## WHAT YOU SHOULD DO
Please transcribe the listing below in full and word for word, without its pictures.

## COLLECTED MATERIAL
□ □ □ □ □ □ □

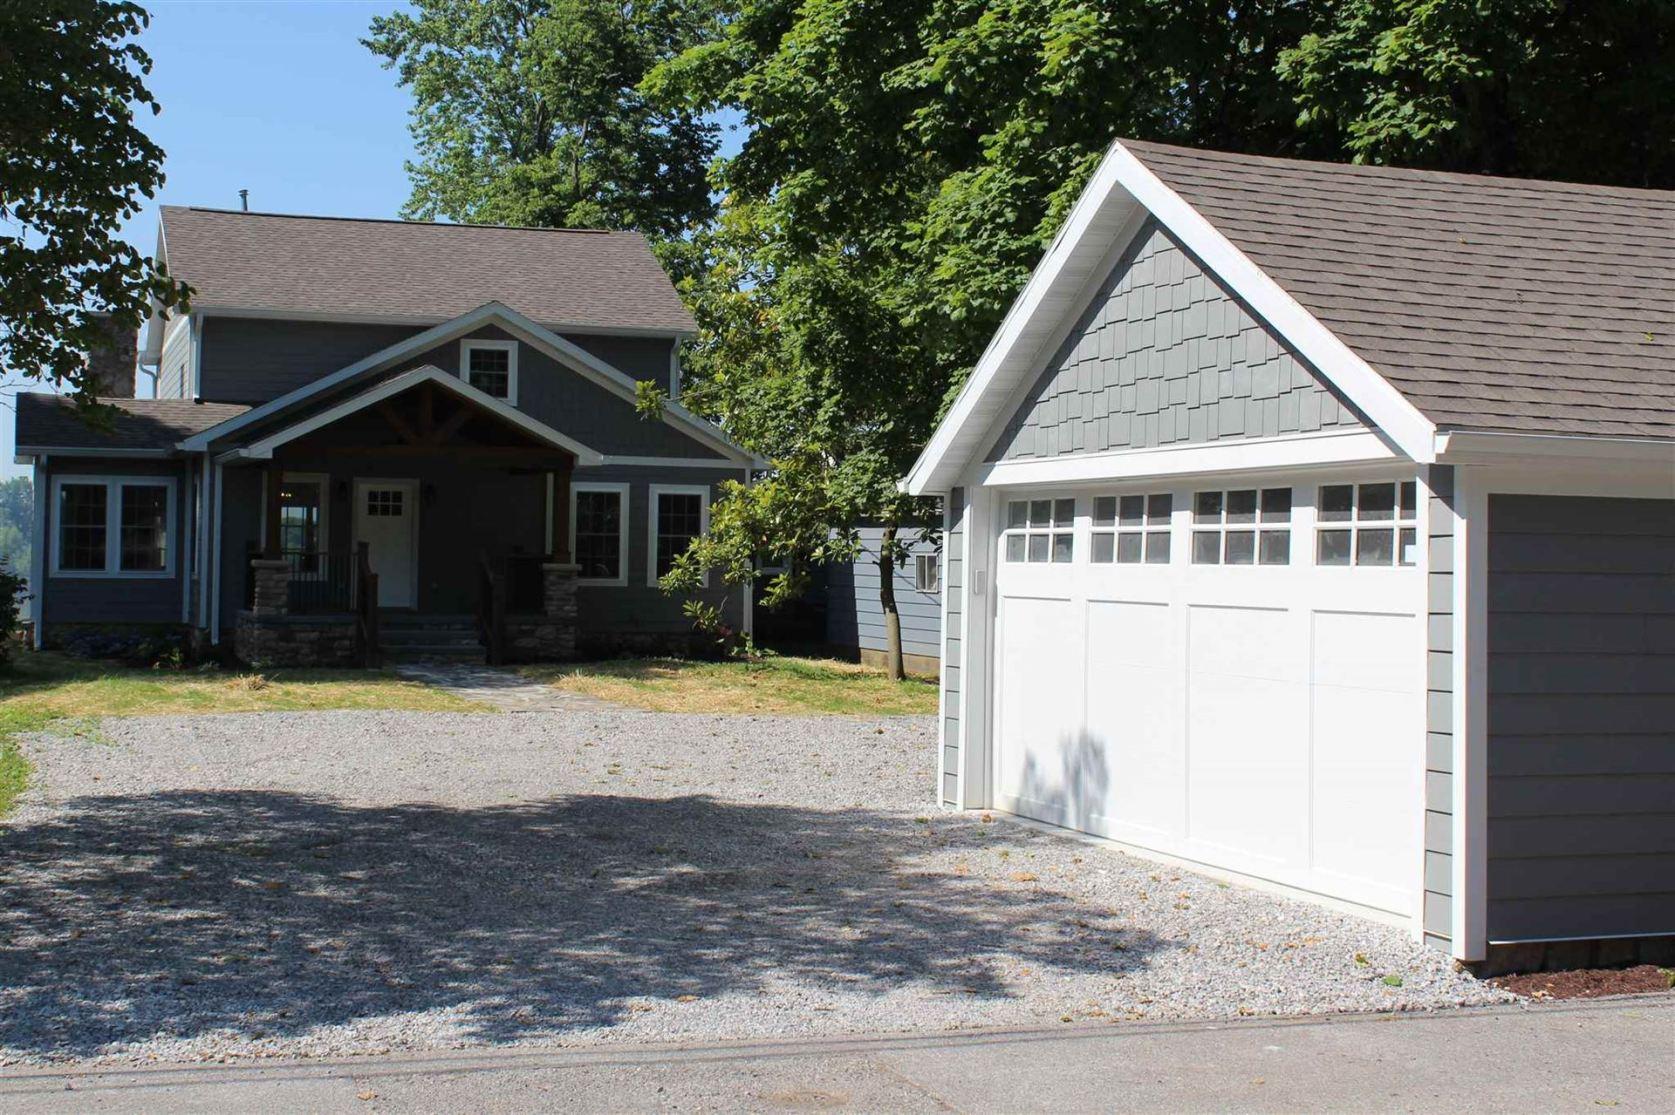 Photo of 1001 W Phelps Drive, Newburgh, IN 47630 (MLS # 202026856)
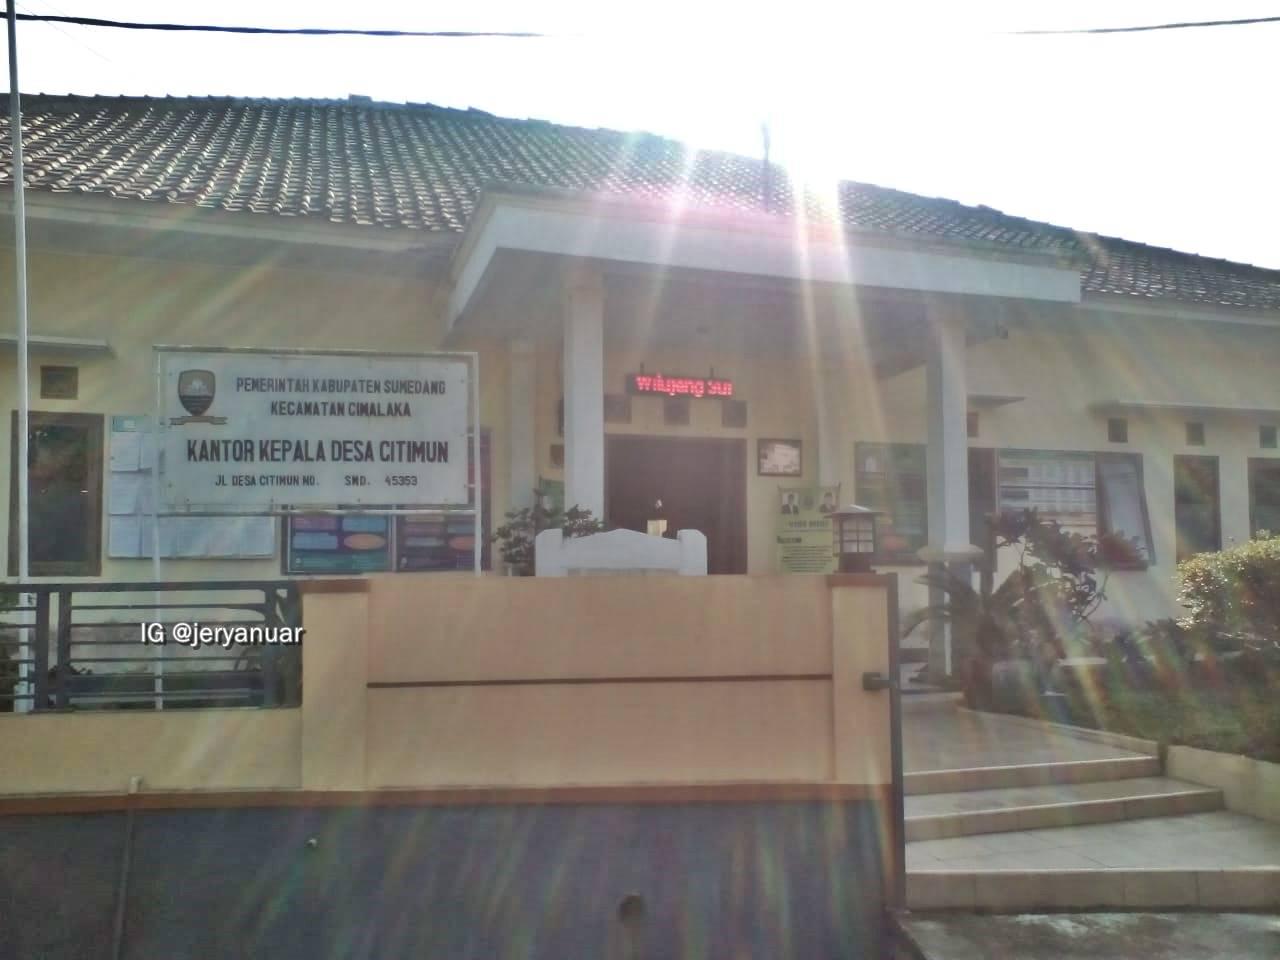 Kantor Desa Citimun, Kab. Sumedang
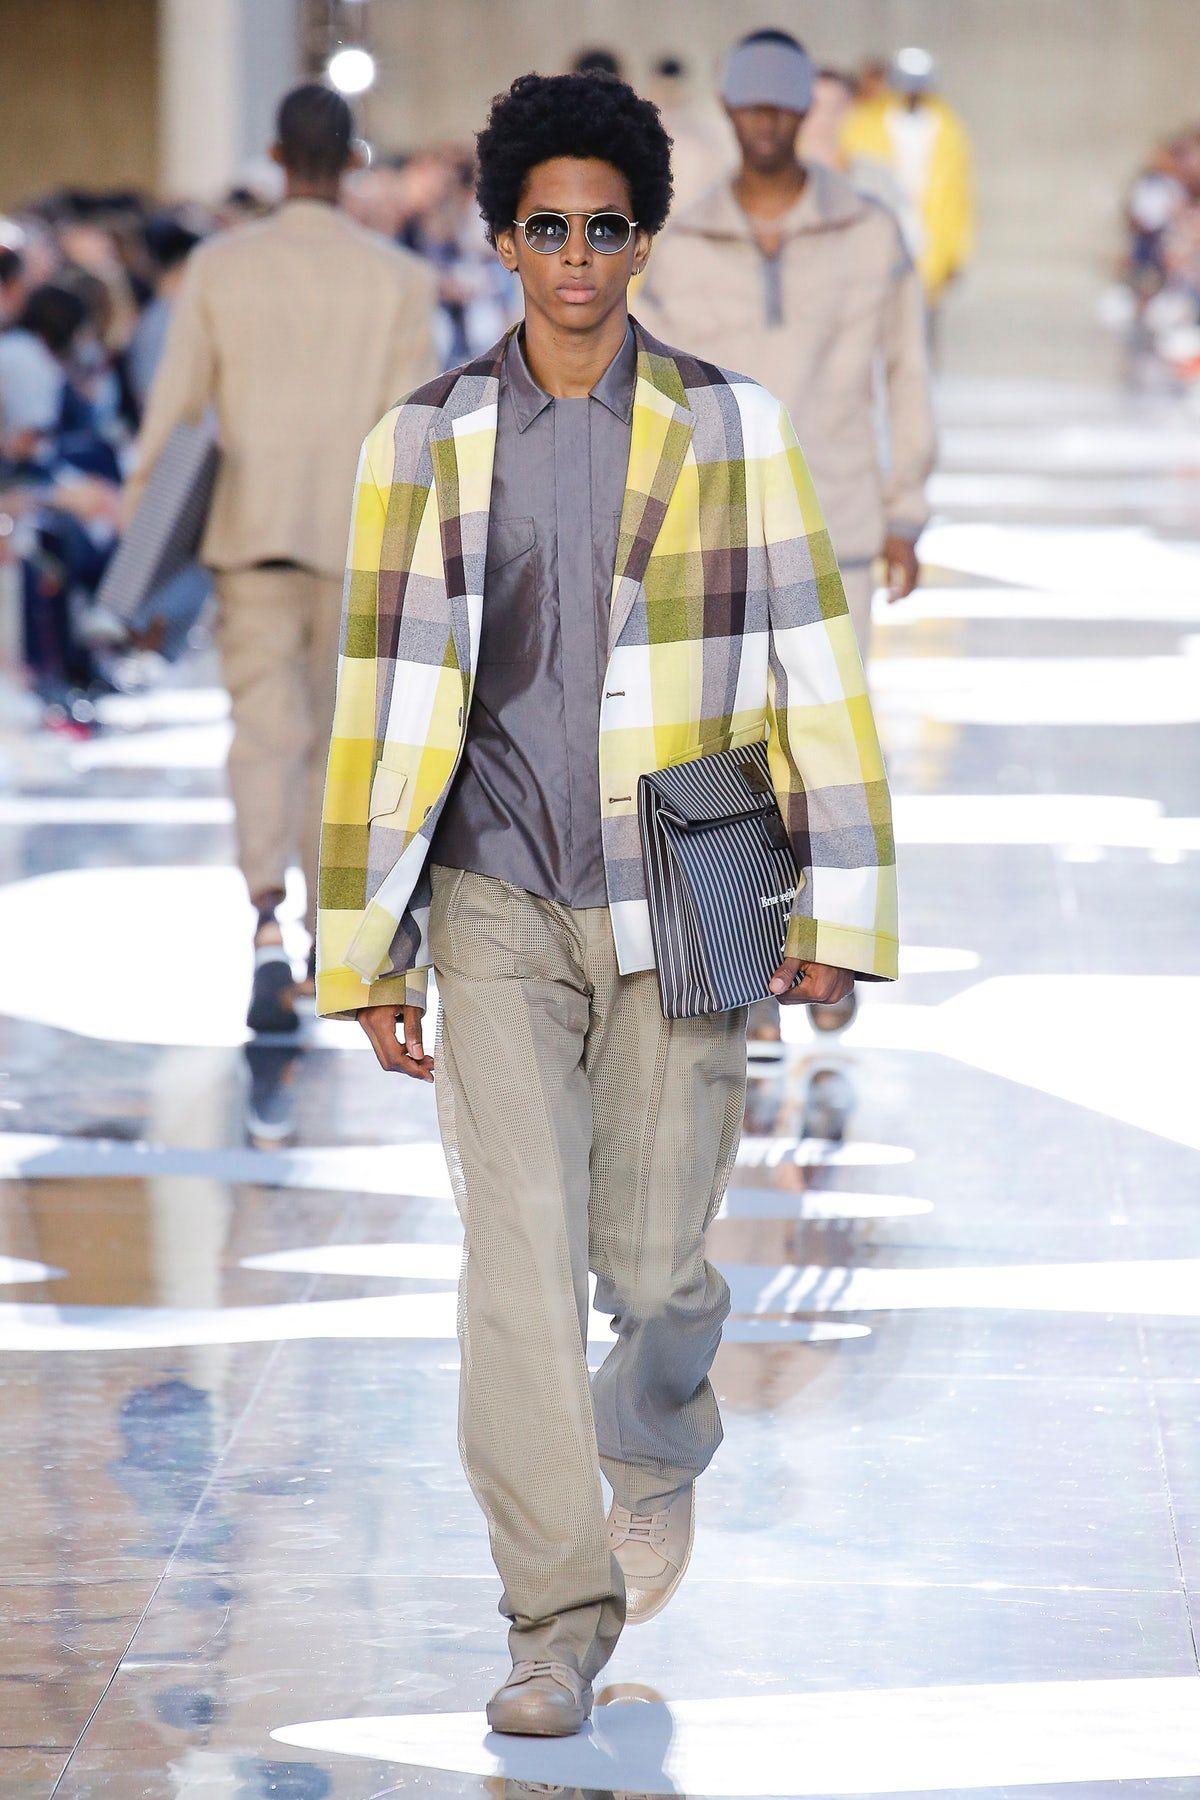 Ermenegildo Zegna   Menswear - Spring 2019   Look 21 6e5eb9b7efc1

□ □ □ □ □ □ □

## EXERCISE RESULT
 Photo of 1001 W Phelps Drive, Newburgh, IN 47630 (MLS # 202026856)
 Kantor Desa Citimun, Kab. Sumedang
 Ermenegildo Zegna   Menswear - Spring 2019   Look 21 6e5eb9b7efc1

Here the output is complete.